Whitelist py4j security manager via S3 or DBFS

To enforce security, certain Python methods are blacklisted by Databricks. However, Privacera makes use of these methods.

The following error shows default blacklisting security:

py4j.security.Py4JSecurityException: … is not whitelisted”

If you still want to access the Python classes or methods, you can add them to a whitelisting file.

Note

Whitelisting changes Databricks default security. This whitelisting is not absolutely required and depends entirely on your own security policies.

The whitelisting.txt file can be stored on either S3 or DBFS. In either case, it's location is configured in the Databricks console.

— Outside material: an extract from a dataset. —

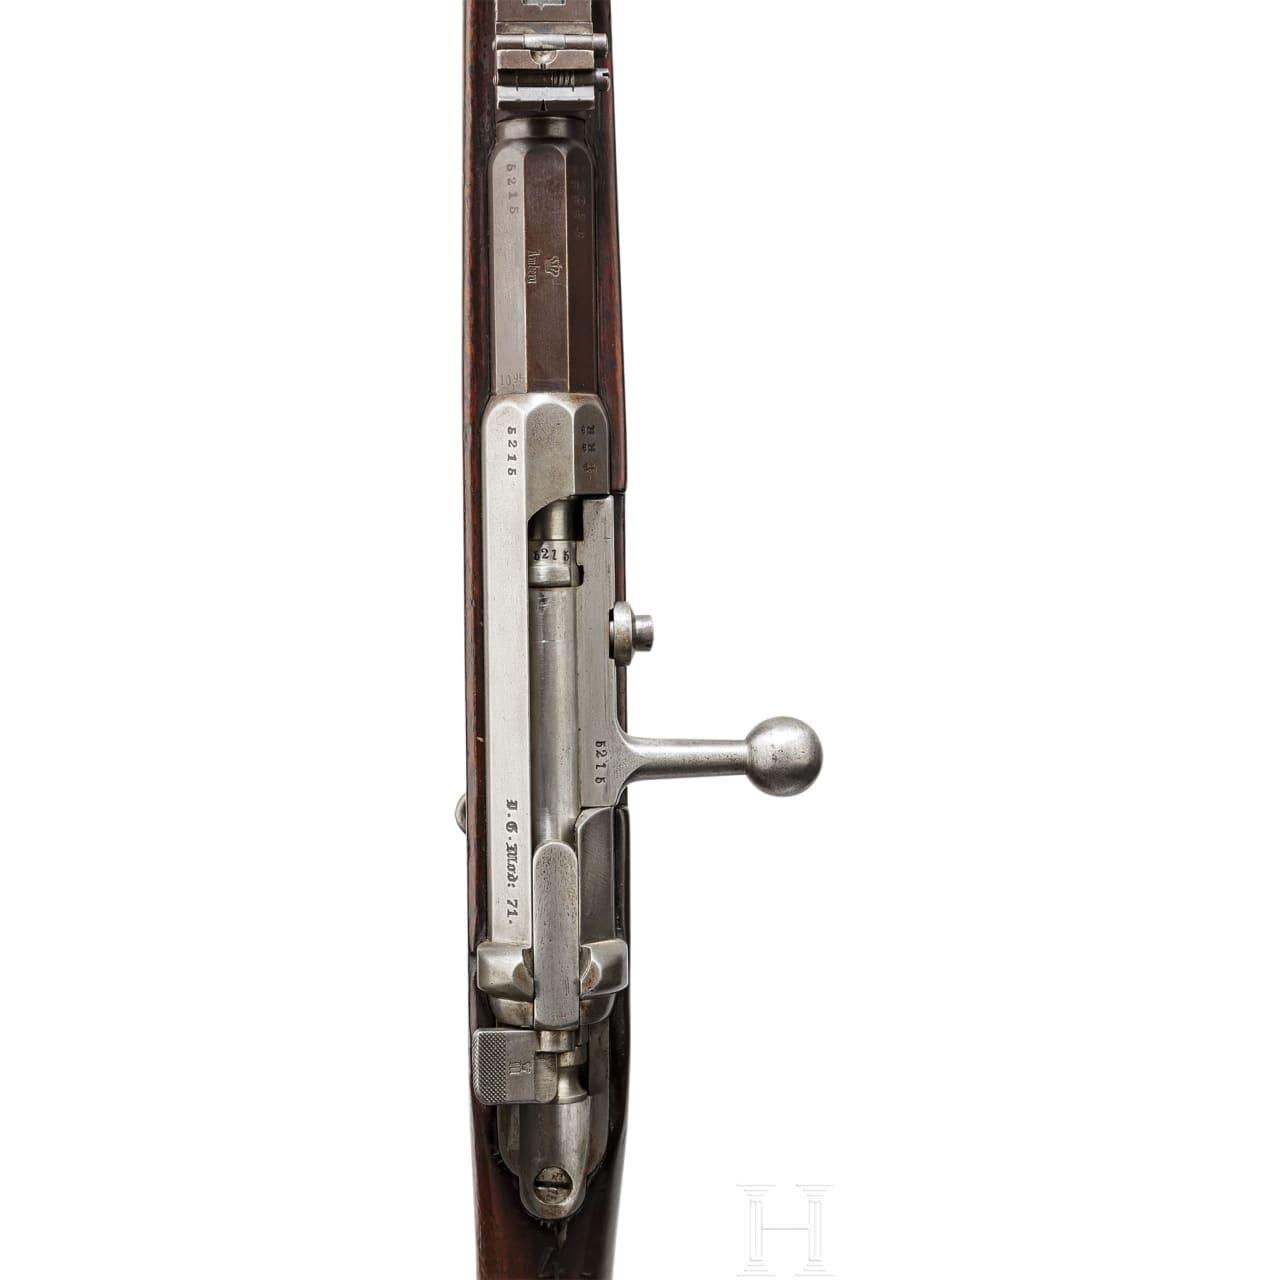 An Infantry Rifle M 1871, Amberg
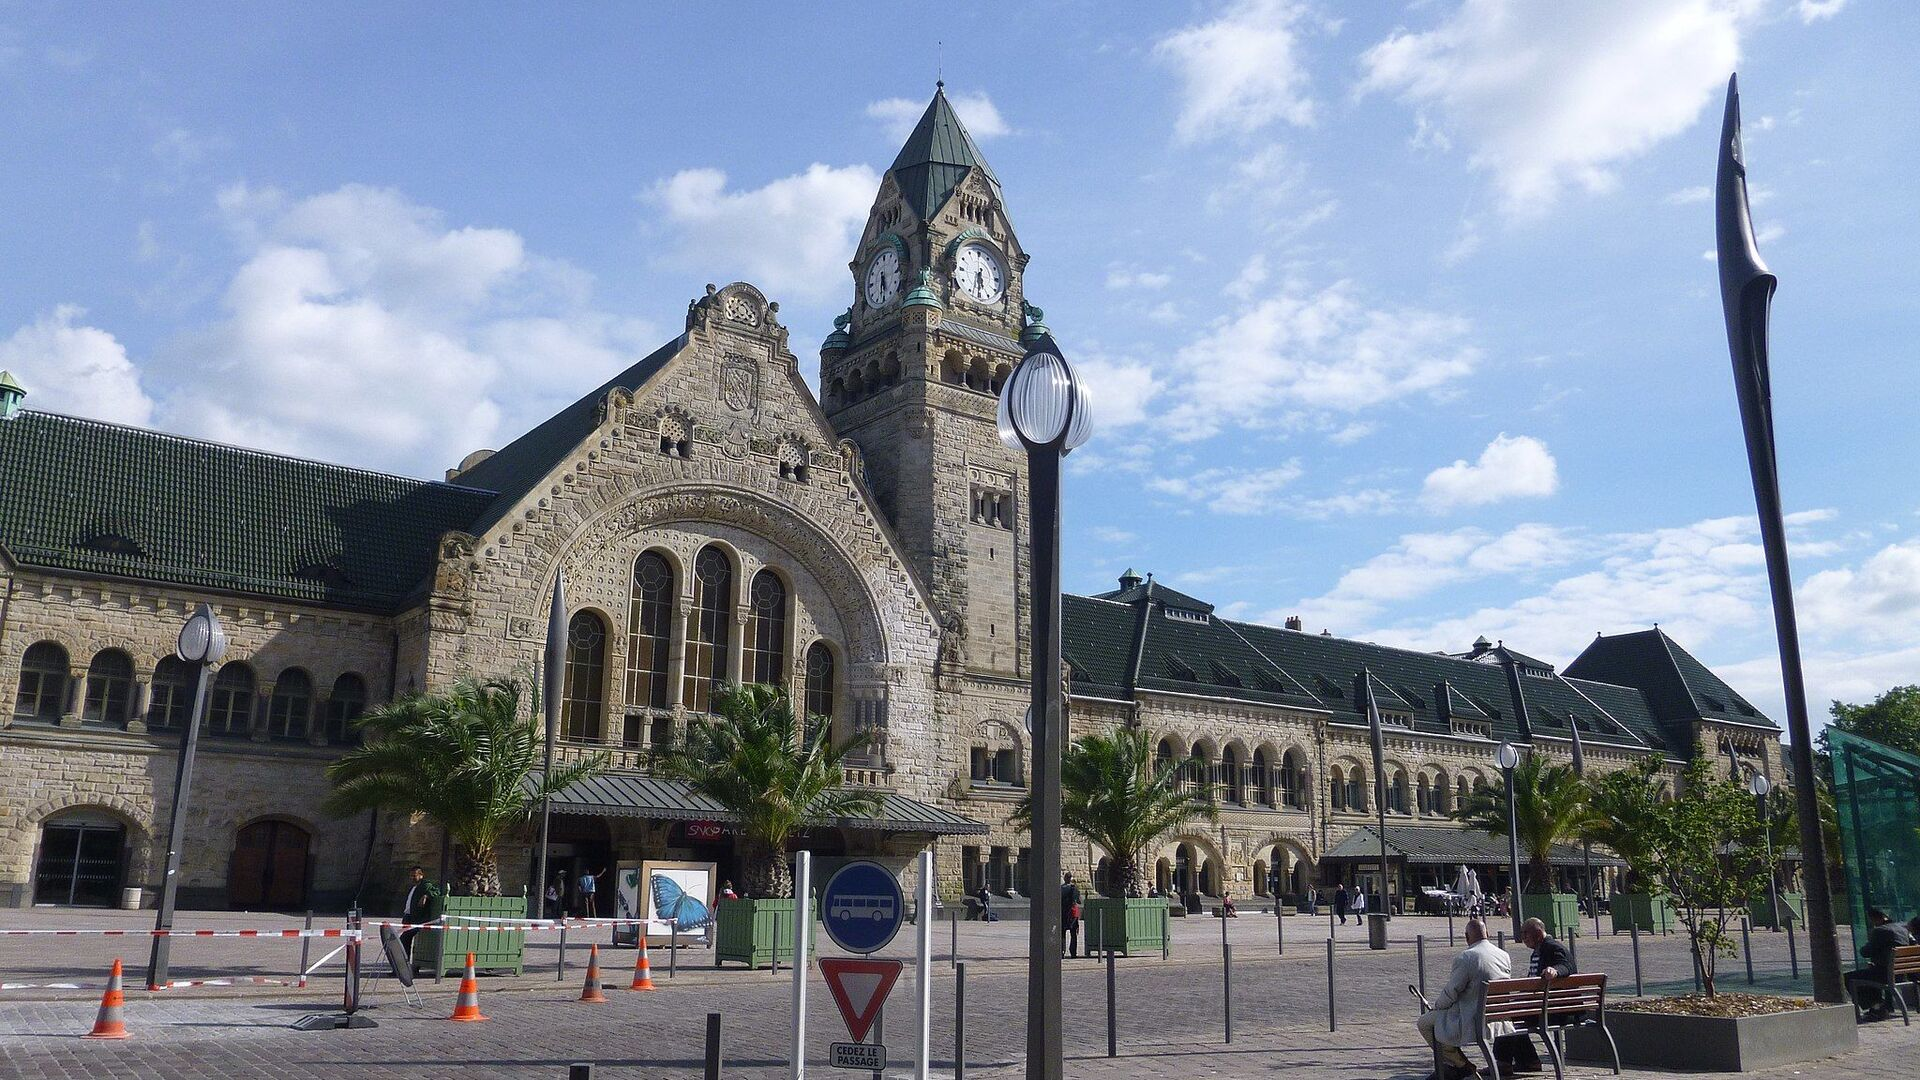 Metz, capoluogo della Mosella, Francia - Sputnik Italia, 1920, 09.08.2021

  1. Create a file called whitelisting.txt containing a list of all the packages, class constructors, or methods that should be whitelisted.

    • For whitelisting a complete java package (including all its classes), add the package name ending with .*. For example:

      org.apache.spark.api.python.*
    • For whitelisting constructors of a given class, add the fully qualified class name. For example:

      org.apache.spark.api.python.PythonRDD
    • For whitelisting specific methods of a given class, add the fully qualified class name followed by the method name. For example:

      org.apache.spark.api.python.PythonRDD.runJobToPythonFile
      org.apache.spark.api.python.SerDeUtil.pythonToJava
    • Full example of the above constructs:

      org.apache.spark.sql.SparkSession.createRDDFromTrustedPath
      org.apache.spark.api.java.JavaRDD.rdd
      org.apache.spark.rdd.RDD.isBarrier
      org.apache.spark.api.python.*
  2. Upload the file to an S3 or DBFS location that is accessible from Databricks's Spark Application Configuration page. Suppose the whitelist.txt file contains the classes and methods to be whitelisted.

    • For Databricks, to upload the whitelisting file, run following command:

      dbfs cp whitelist.txt dbfs:/privacera/whitelist.txt
    • To upload the whitelisting file to S3, use the S3 console to upload it to the desired location.

    • For either S3 or Databricks, in Databricks' Spark Application Configuration, add the full path to the uploaded whitelisting.txt file location.

    • This example is for a whitelisting.txt file stored in DBFS. You could instead specify an S3 path.

      spark.hadoop.privacera.whitelist dbfs:/privacera/whitelist.txt
  3. Restart your Databricks cluster.